June 19, 2001

Oliver's Homework

Lately I've begun thinking in terms of a payoff from educational assignments or work. To trace the history of this thought, Ms. Thunberg assigned as homework a page which requires the student to write a list of twenty "things that are sold in pairs." It occurred to me that if the child's words were used in a sort of Mad Libs fashion, there would be an emotional payoff at the end of the assignment. That is, the sentences would be read using the child's words as fill-ins, with incongruous and occasionally amusing results, in a fashion that I first became aware of probably in the '60s through little booklets called Mad Libs. So the task, instead of having the minimal payoff of just getting the job done or getting approval from the teacher, has an additional or greater payoff of an amusing product that the child can feel he participated in creating. Surely this concept of educational or emotional payoff can be extended to other tasks which occurs all too seldom in homework and other assignments.

I think even more important is the practice of giving the students some choice or control over the kind of work they're doing. The assignment to write a list of twenty "things that are sold in pairs" I thought was a particularly uninteresting assignment and the main purpose seemed to be to provide exercise in writing, that is, penmanship. I gave Oliver the choice of instead writing a letter to his Aunt Debby, which he previously had expressed a desire to do. He took to this immediately and worked on this letter without further prompting on my part. It was something he wanted to do, and wanted to do well, as opposed to this other task which undoubtedly seemed to him meaningless and unrelated to his own life. This, in microcosm, is what's wrong with too much of school work--it's completely dissociated from the child's personal life and interests, and also it's imposed on him by the authority of the teacher without any choice being exercised by the student.

Oliver is provided five pages of homework per week. If he were instead provided ten pages and were allowed to choose five to do and five to skip, I think he would do more work with less arm twisting by the parents than is presently the case. It often happens that Oliver is willing to do most of the homework without too much distress or resistance, but he balks at one page or another because it seems, I guess, to difficult or too boring. If he were permitted to skip certain pages, he would feel more ownership about the work he did, I believe, and certainly I think would feel less negative in general about homework.

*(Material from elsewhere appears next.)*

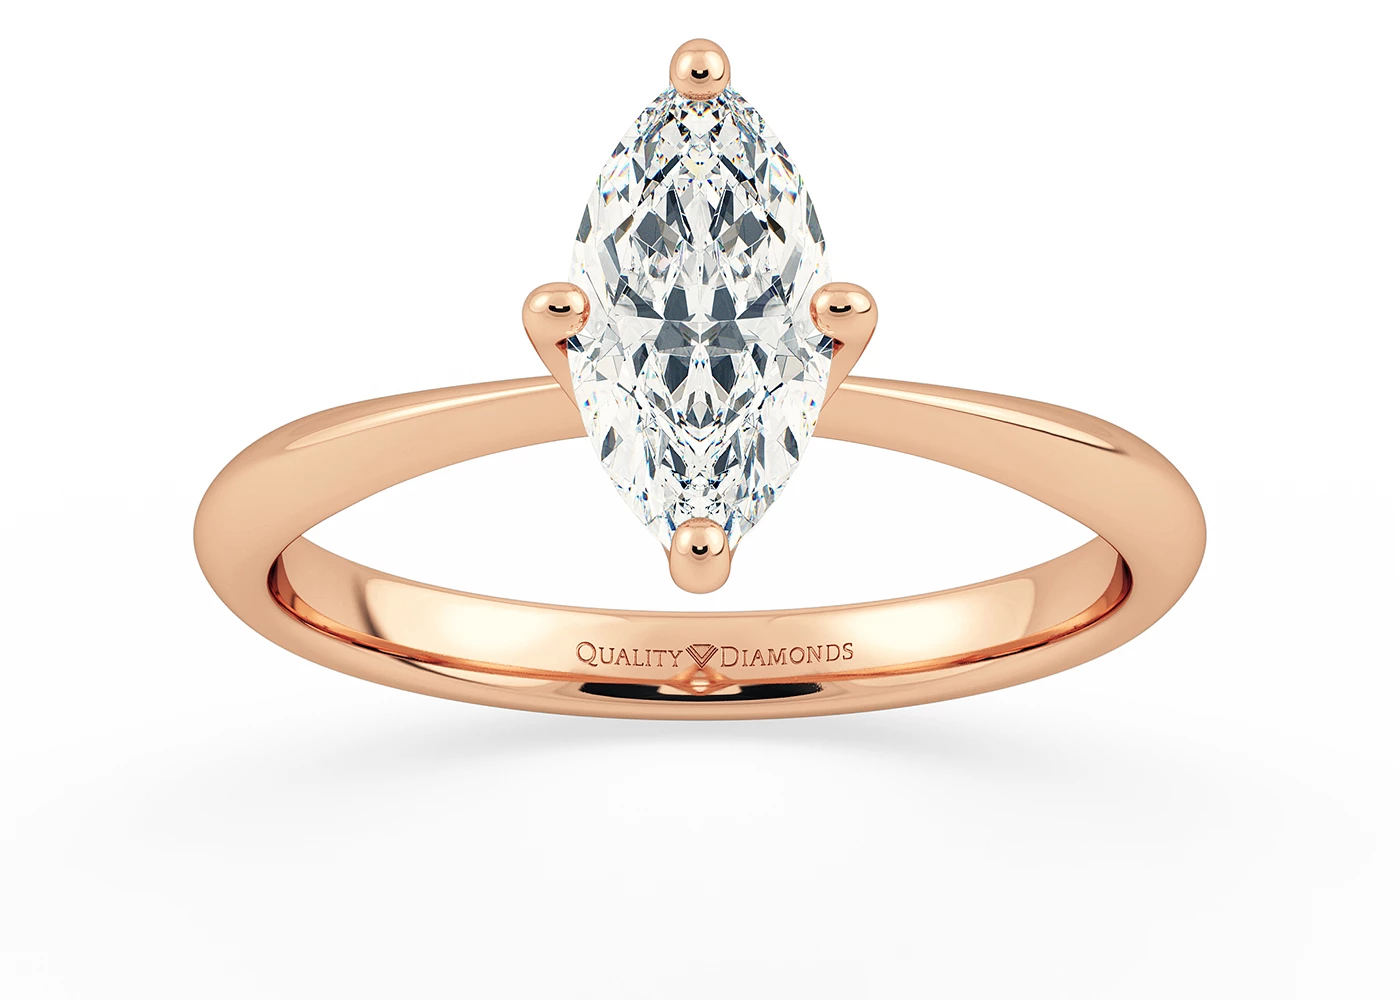 Marquise Amorette Diamond Ring in 9K Rose Gold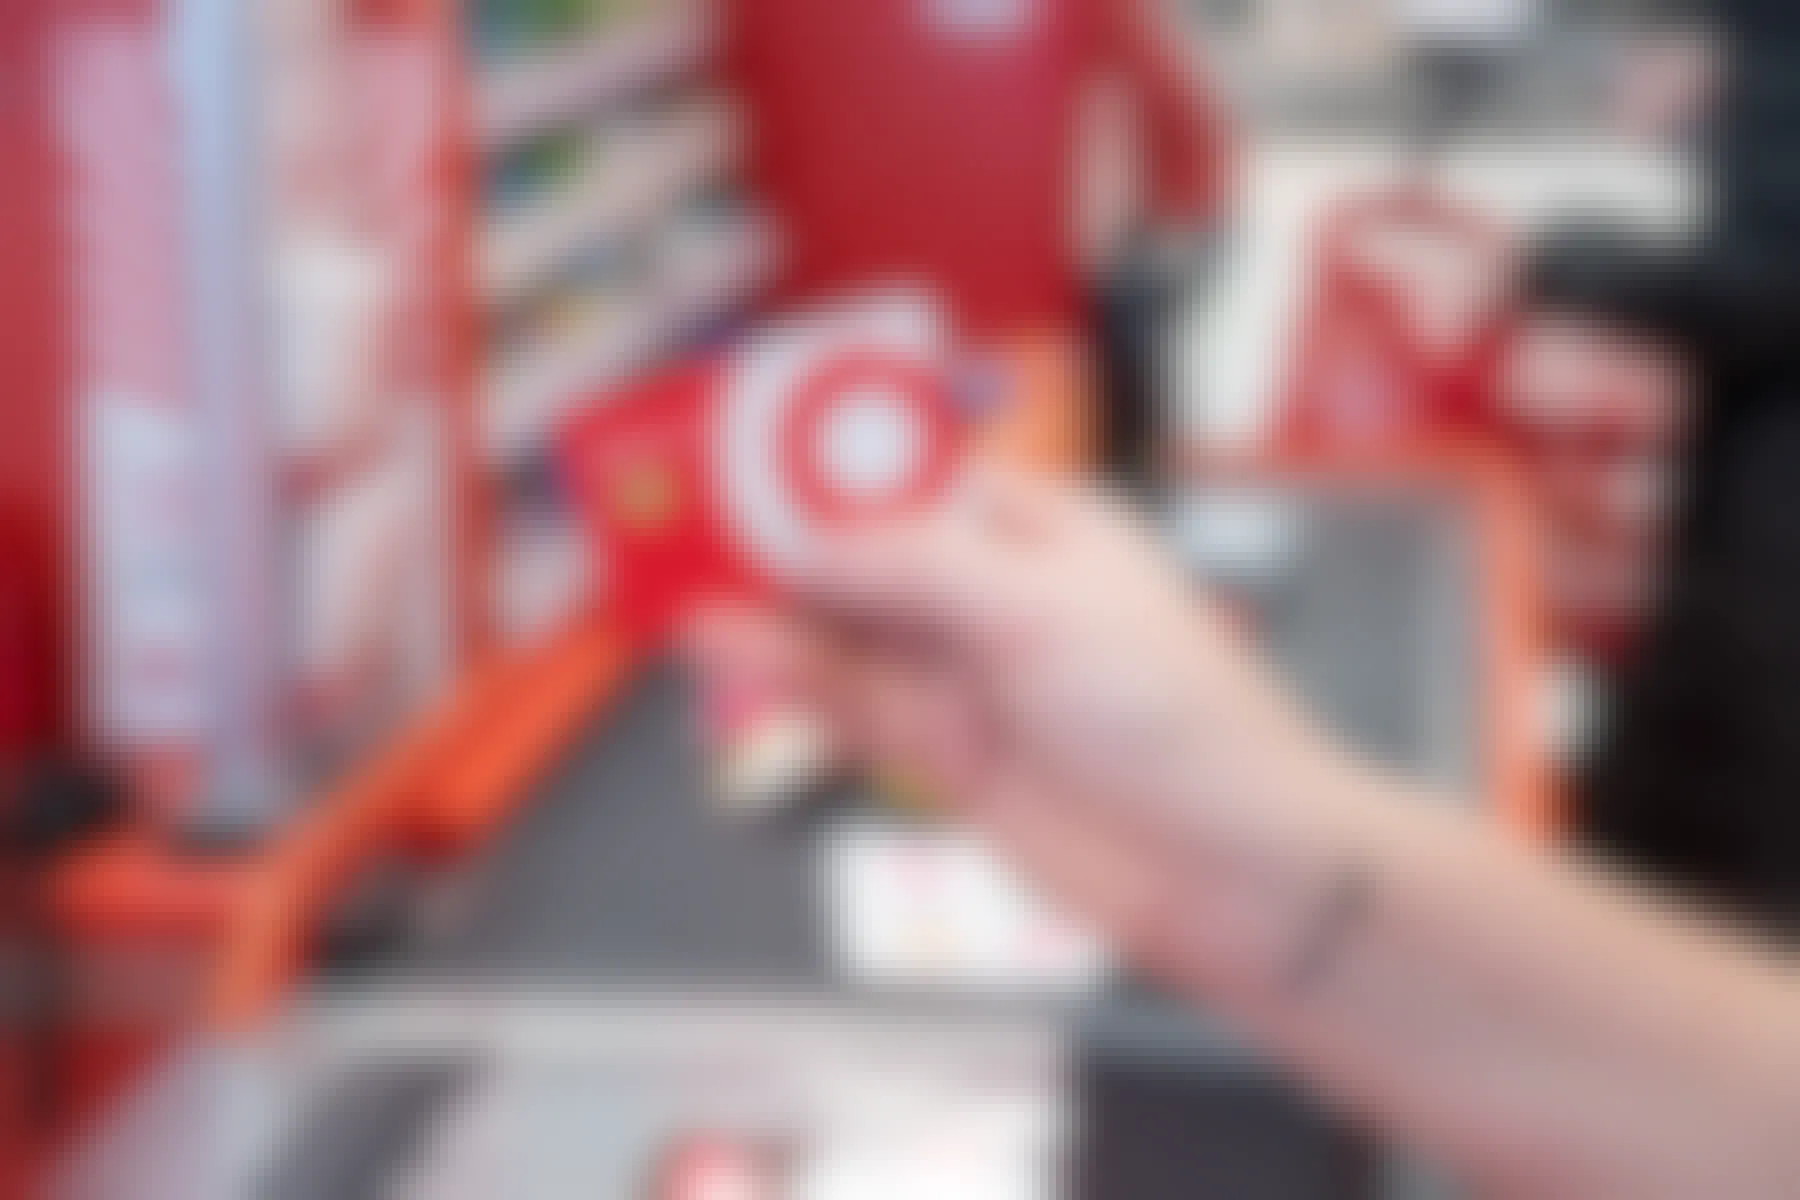 A person's hand holding a Target RedCard up in front of the checkout lane at Target.

Naturally, to provide twice as many assignments would require additional work by the teacher, but as it is, I think the work that goes into these assignments is minimal anyway. These assignments consist of worksheets photocopied from other sources and none of it is actually teacher created. Worse yet, none of it is student created. It can be seen, with a little thought, that the motivation is all wrong for most homework. When Oliver writes to Aunt Debby, he wants to do well because he wants her to like what he produces, he wants to be able to feel proud of what he produces. When he's doing teacher-assigned homework, the only thing positive he seems to get out of it is a star or a star-plus from the teacher. When he writes to Aunt Debby he doesn't receive a grade, but he knows whether he's done a good job or not. He knows, because he has looked and he has passed judgment himself on his own work. This is the sort of motivation that produces good work, and while it may be more difficult to generate in a school setting, certainly more could be done than is presently done. The idea of payoff is readily apparent, although not expressed in those terms, in the works of, say, Ken Macrorie, Herbert Kohl, and John Holt, where the idea of writing is that the student should be provided an audience for whom he can produce his efforts. This audience must not be just the teacher, obviously, that is not an audience, that is just the teacher giving assignments. An audience of peers is what is needed. The point is that there is a payoff that he appreciates. He can impress, or at least interest, others, his peers, in what he has produced, providing him some payoff that he considers meaningful. No doubt impressing the teacher or receiving encouragement from the teacher is a kind of payoff, but I think that wears thin throughout the years.